Architectural Billings Index Hovers in Low 40s

June 24, 2009

By Jenna M. McKnight

Graph © Architectural Record

While it’s no longer sinking, the Architectural Billings Index, a leading economic indicator, barely moved between April (42.8) and May (42.9). However, the May inquiries score was 55.2, the third consecutive month it has landed in the mid-50s. (A score above 50 indicates an increase, and below 50, a decrease).

The current numbers were released today by the American Institute of Architects, which produces the ABI based on surveys sent to firms.

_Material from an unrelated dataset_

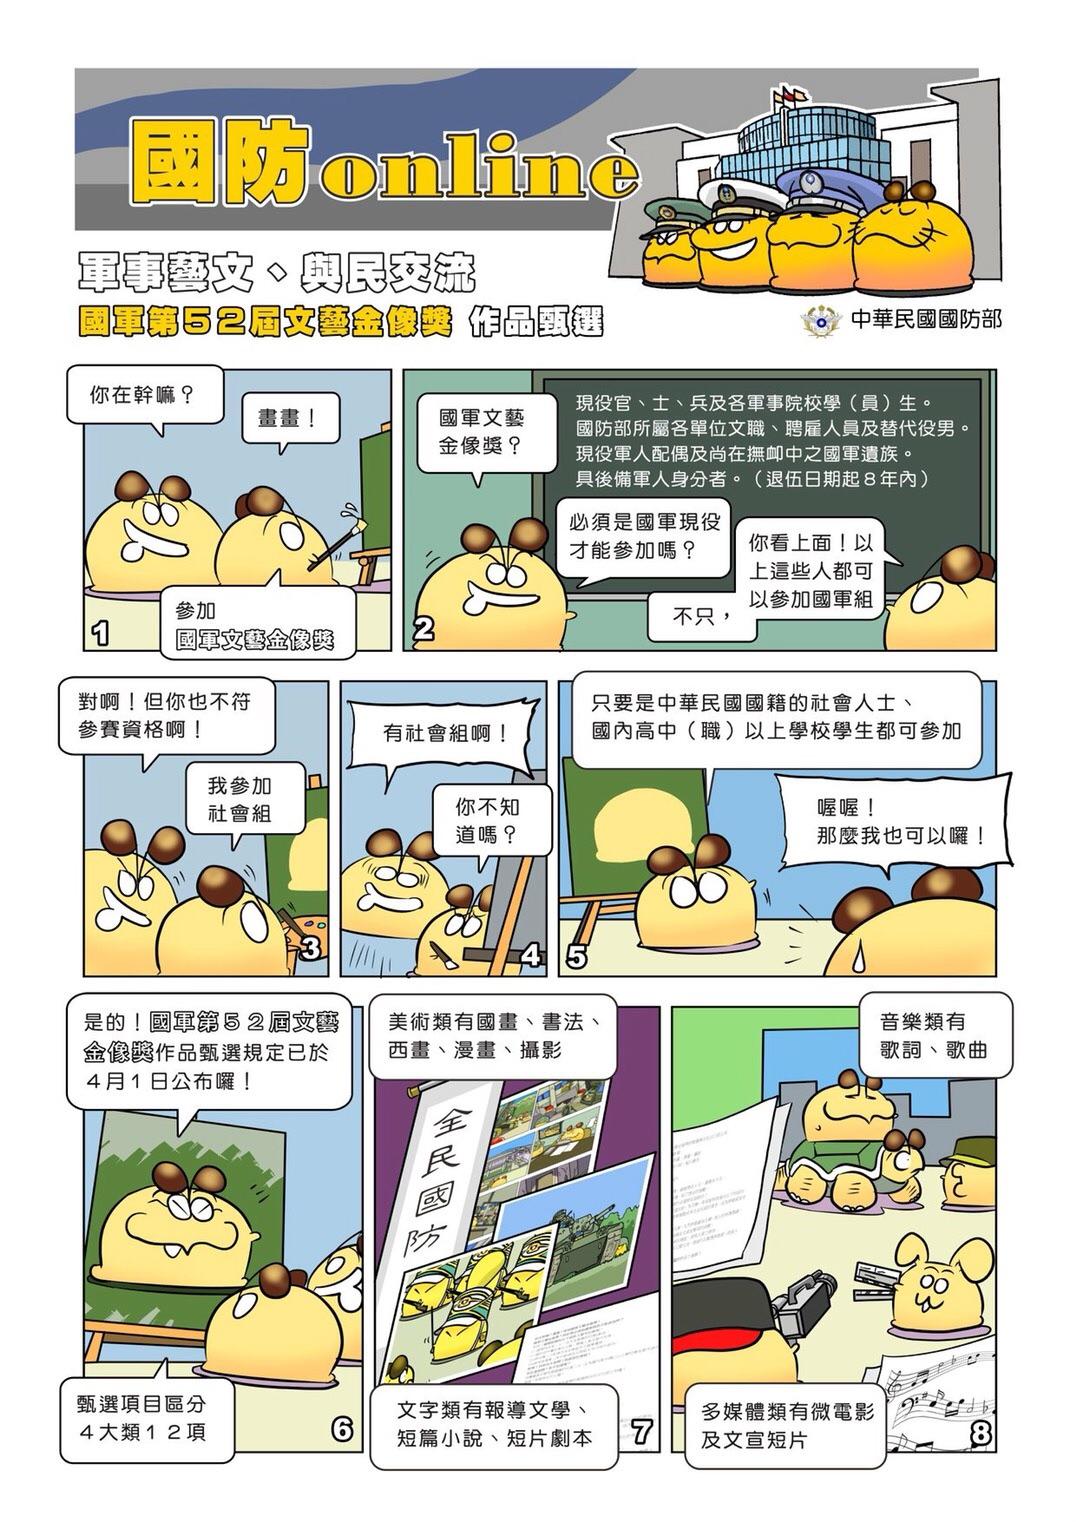 國防Online第25期_軍事藝文,與民交流01.jpg
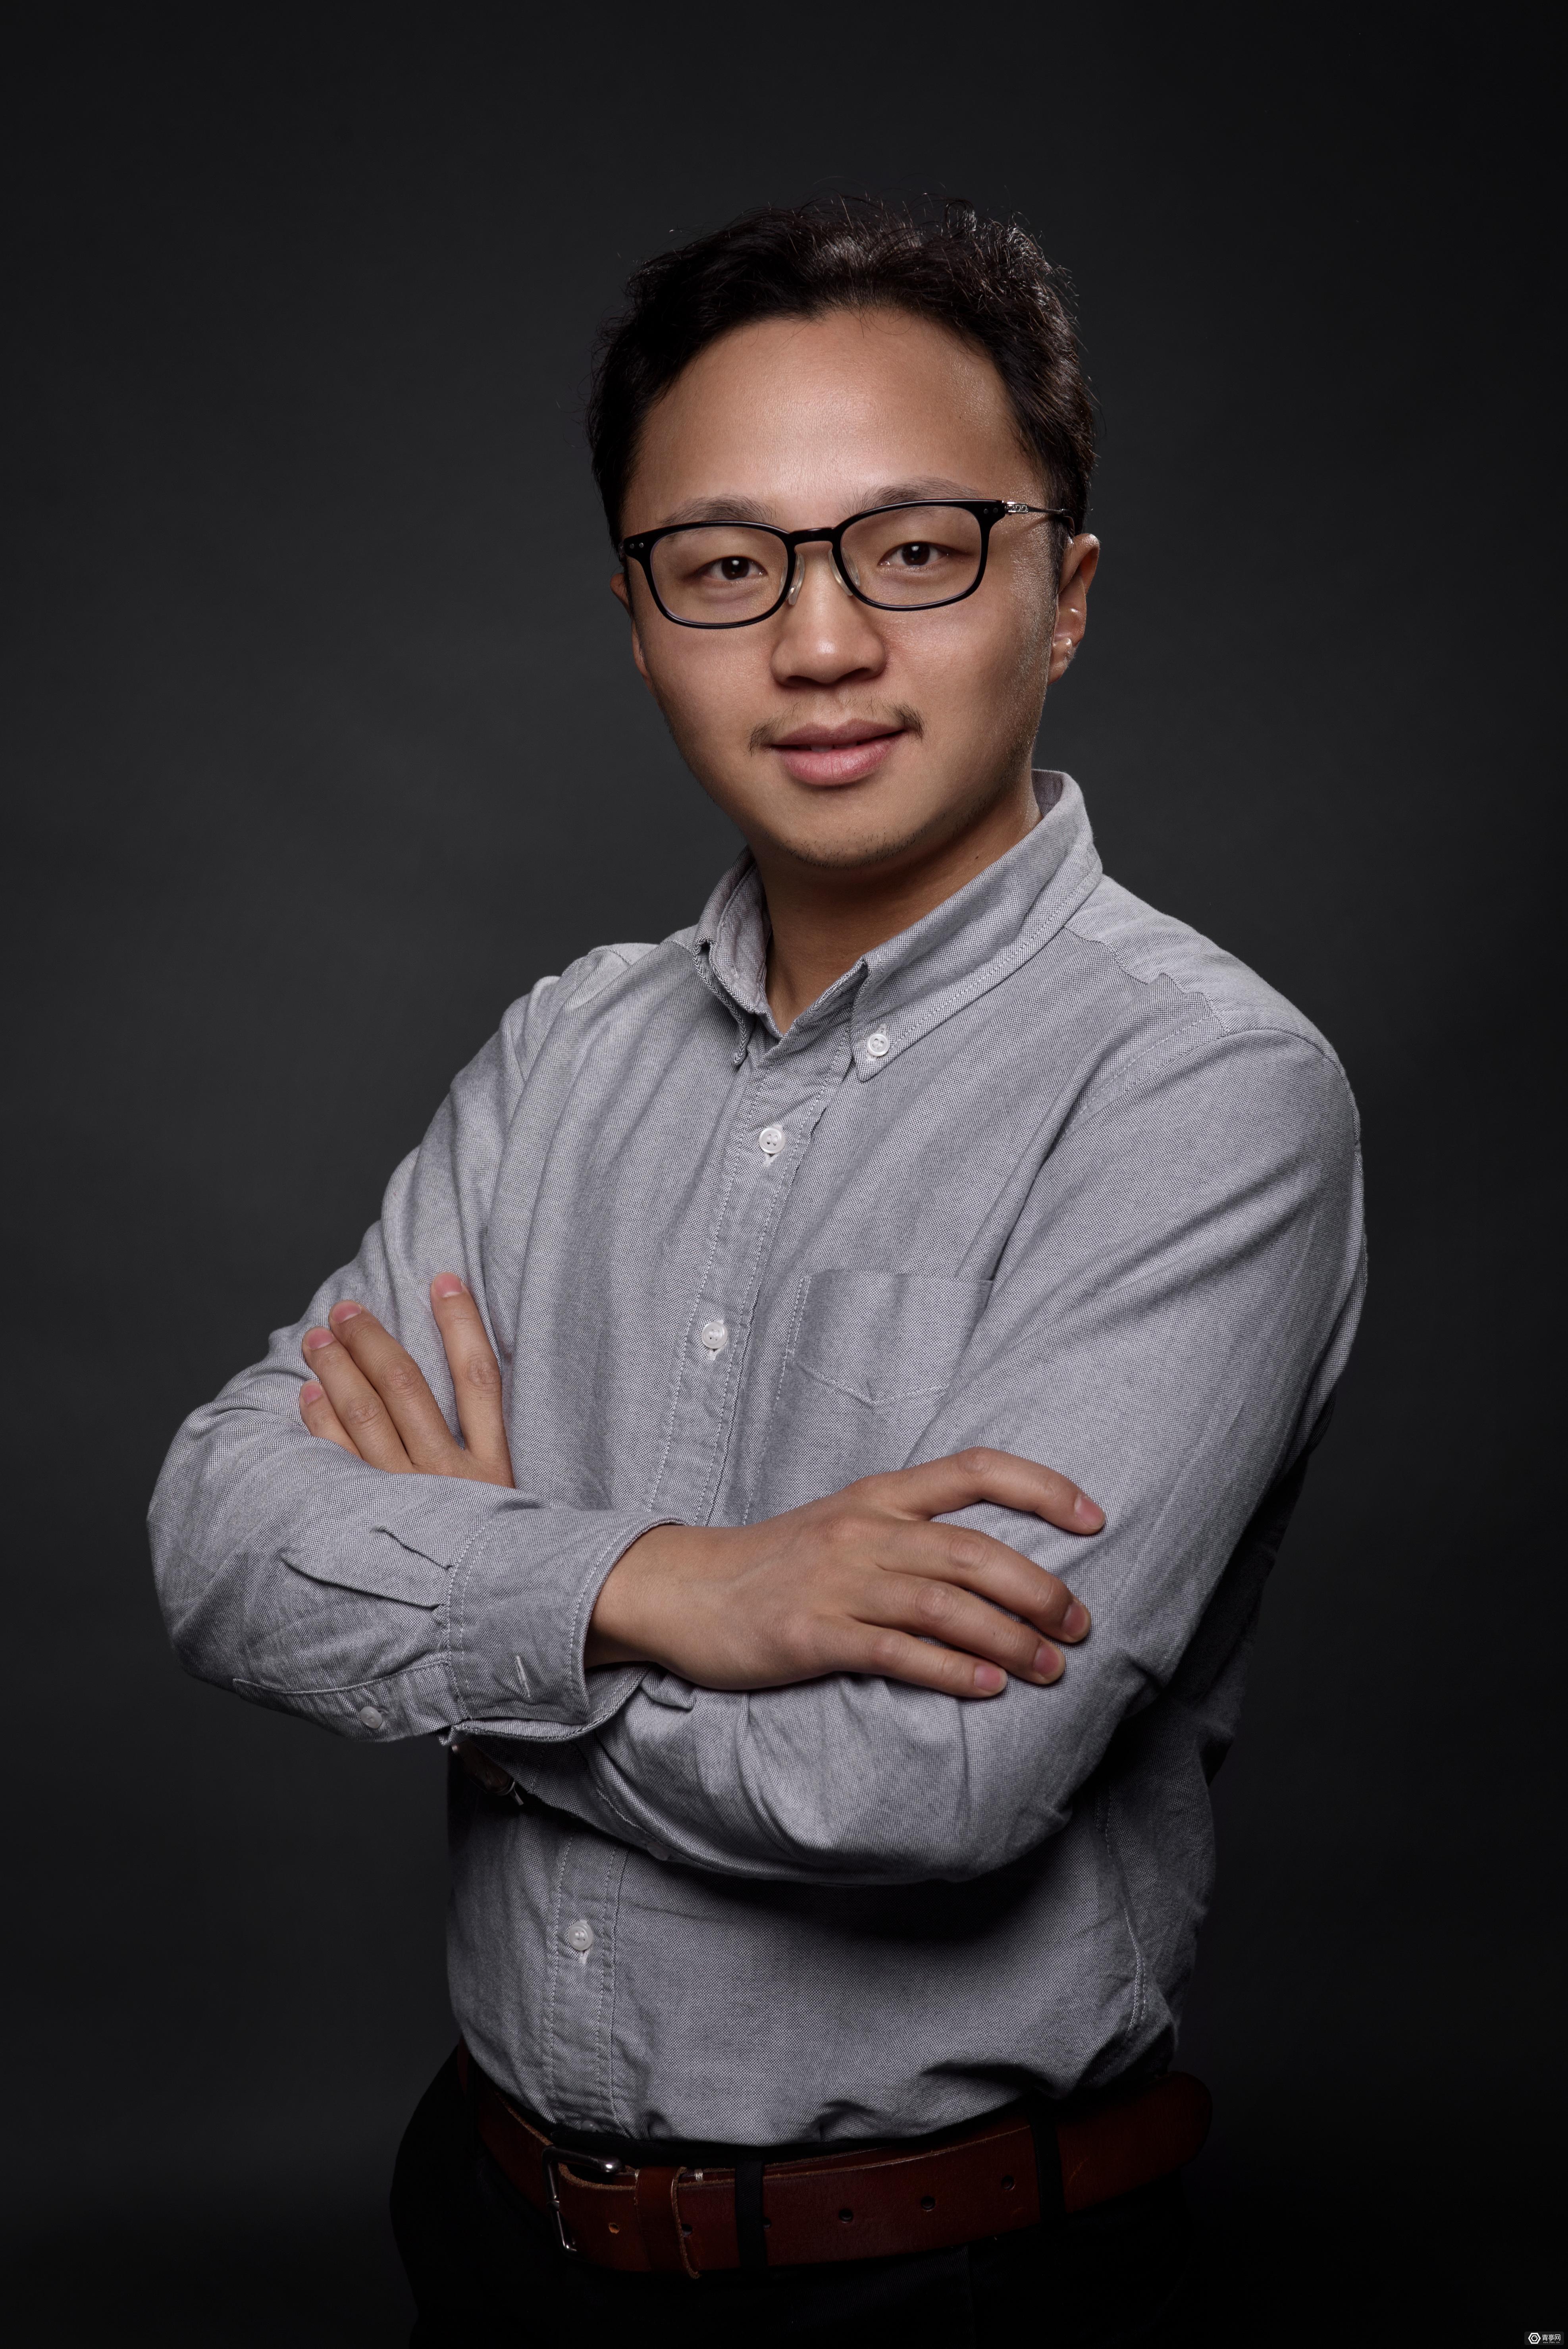 宋海涛博士  抬头:IDEALENS创始人 董事长

The index reflects a nine- to 12-month lag time between architectural billings and construction spending.

“The design and construction marketplace is extremely competitive right now,” says Kermit Baker, the AIA’s chief economist. “Prospective clients are casting a wider net, causing numerous firms to bid for the same project, which is why the high level of inquiries is not necessarily resulting in billings for project work.”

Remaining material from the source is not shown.